Какая история случилась с Варварой Тимофеевной, или Почему Варвара Тимофеевна едет в Турцию

   Папа мой помер рано, царство ему небесное, а мамочка учительница у нас. Родную речь в школе преподавала. Хорошая мама. Но строгая. Ее даже учителя боялись. И нас она твердой рукой — и за маму, и за папу. Мол, выучу-воспитаю, профессию дам в руки, а тогда уж и помирать можно. И ведь правда — выучила. Нинку, старшую, в торговый техникум ильичевский определила, Ваньку, среднего, в техникум дорожный, а меня, младшенькую, на бухгалтера. Ну, выучились мы, разъехались… Ванька вообще после армии в Салехарде остался, дороги строить, там и окрутила его Лилька… Мама недовольна была, ох, недовольна, не понравилась ей Лилька эта. Даже на лето их не звала… Сам женился, сам и живи. А вот Нинку любила — и зятя любила… А любила ее мама потому, что Нинка из всех нас самая красивая была. Певунья… Поет, бывало, а мама сидит, голову рукой подопрет, слушает… на Нинку смотрит. Любила ее очень.
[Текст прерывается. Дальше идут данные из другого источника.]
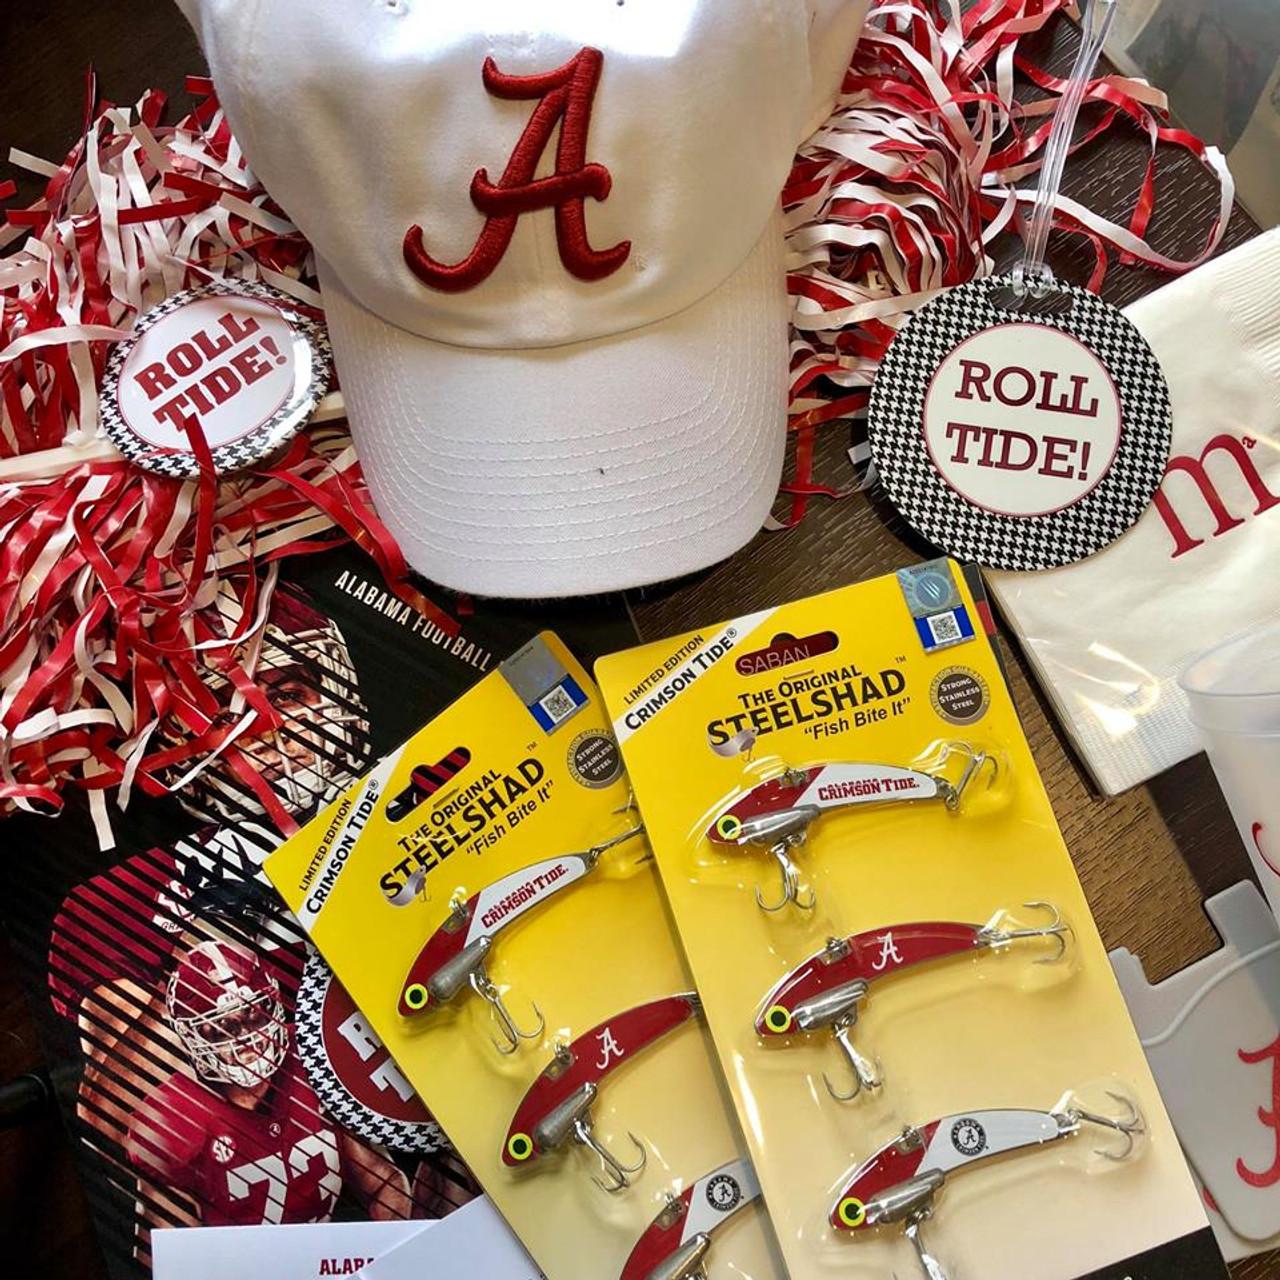 SteelShad University of Alabama 3 Pack

Ванька, говорит, что, ломоть отрезанный, а тут свое, кровное, дочка — она завсегда маме ближе… Ну, Нинка маму тоже любила. Письма ей писала, посылки, открытки на все праздники… И тут, значит, письмо приходит на Пасху, Нинке, что, мол, слегла я. Мне не написала — ей написала. Приезжай, пишет, доченька, совсем я плоха, ноги не ходют, скрась мои последние денечки, потому как ты у меня единый свет в окошке… Нинка, золотко, сразу отпуск за свой счет, лекарств импортных накупила — от ног, от головы… поехала… Ну, позвонила мне, из Сычавки уже, с почты, мол, маме плохо, но ты не беспокойся так уж сразу — я пока тут при ней посижу, а хуже станет, так я тебе телеграммой отобью… А у меня квартал закрывается, не продохнуть, так что я говорю, ты держи меня, Ниночка, в курсе, я если что, так сразу… та пока вроде и не надо, говорит… Ну, значит, я пока там дебет с кредитом свожу, Нинка мне из Сычавки позванивает раз в неделю… как там и что… мамочке, вроде, чуть получше стало, помогли лекарства импортные… Ходит помаленьку, и уже даже на огород заглядывает, уже за лопату хватается — не удержишь ведь! Нинка ей — мамочка золотая, не волнуйтесь, я сама — вы, мамочка, лежите, болейте на здоровье… Весна в том году ранняя была, жара, аж черви из земли полезли Так и лезут — земля шевелится!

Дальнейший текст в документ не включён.